Ziggeo Inc
- Company type: Private
- Website type: Video Streaming
- Headquarters: New York City, New York
- Founders: Gigi Danziger (formerly Susan Danziger) Oliver Friedmann
- Website: ziggeo.com
- Launched: 2013

= Ziggeo =

Ziggeo is a cloud-based video technology SaaS (software as a service) company that provides asynchronous video APIs, mobile SDKs and tools to deliver enterprise-grade WebRTC capabilities.

Ziggeo is the initiator and backer of BetaJS, an open-source framework. It also launched Video Hack Day. Ziggeo is headquartered in New York City.

== History ==
Ziggeo was founded by Gigi Danziger (formerly Susan Danziger) Danziger and Oliver Friedmann in 2013. It launched the same year as a recruitment platform, and then pivoted in 2014 to a general video recording API provider that supports a variety of use cases and partners. Ziggeo is backed by Albert Wenger of Union Square Ventures.
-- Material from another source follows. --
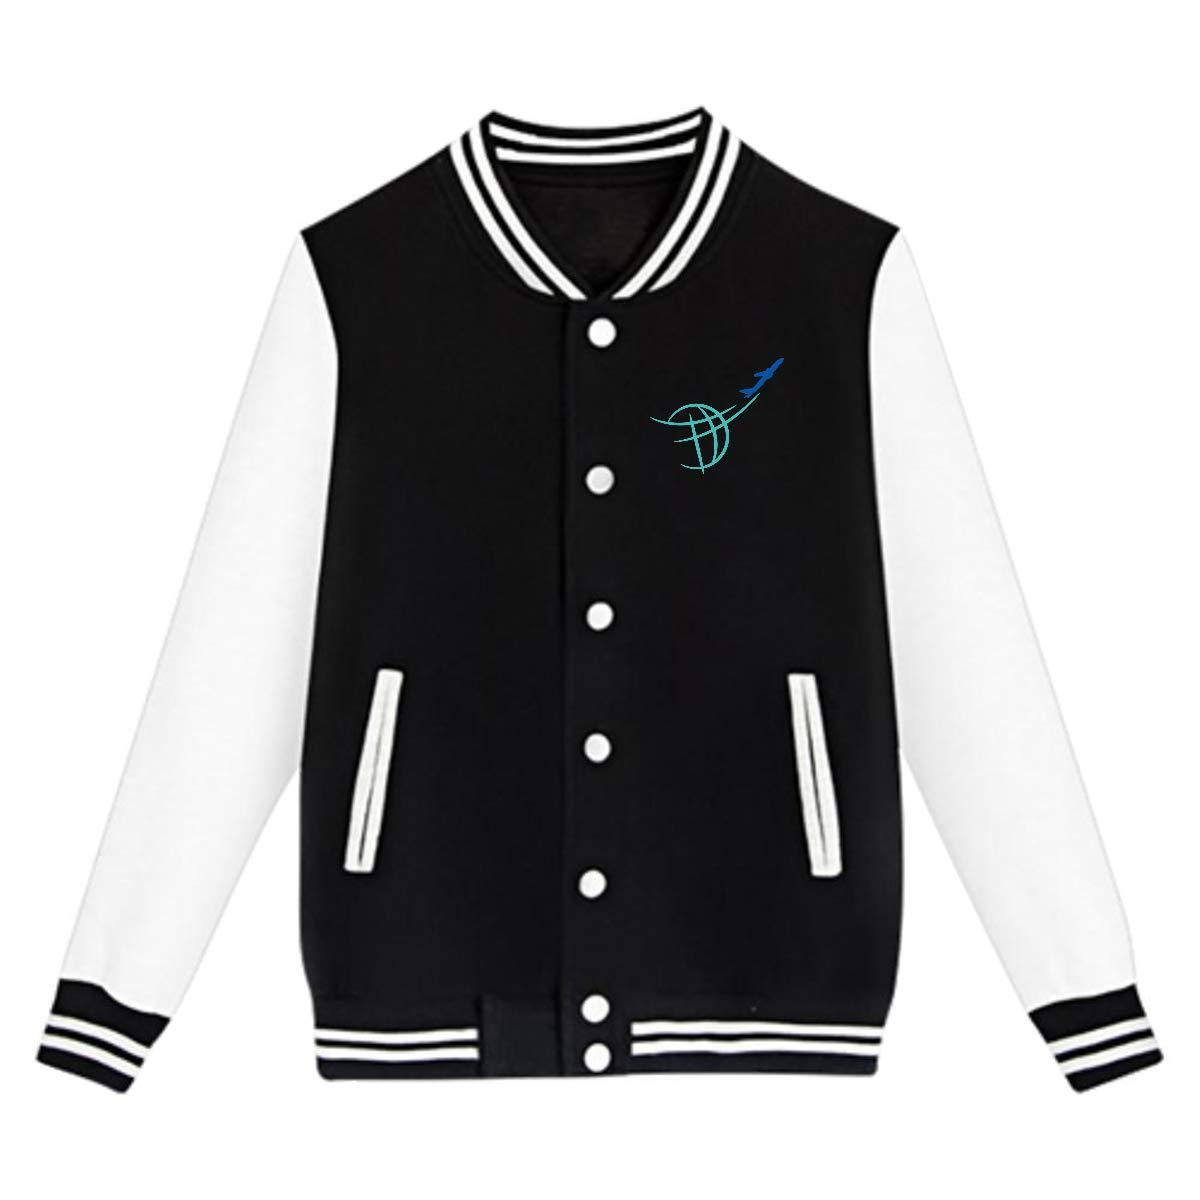 NJKM5MJ Unisex Youth Baseball Uniform Jacket Airline Clipart Coat Sport Outfit

Ziggeo's API for Video Recording and Playback won the API: World Award for its Music/Video API in 2016 and 2017. Ziggeo was a finalist for the SaaS Award in HR / Recruitment and was a finalist for the SAAS Award in Non-Profits / Education in 2017.

In August 2022, Ziggeo was acquired by Kargo, an ad-tech firm, for an undisclosed sum.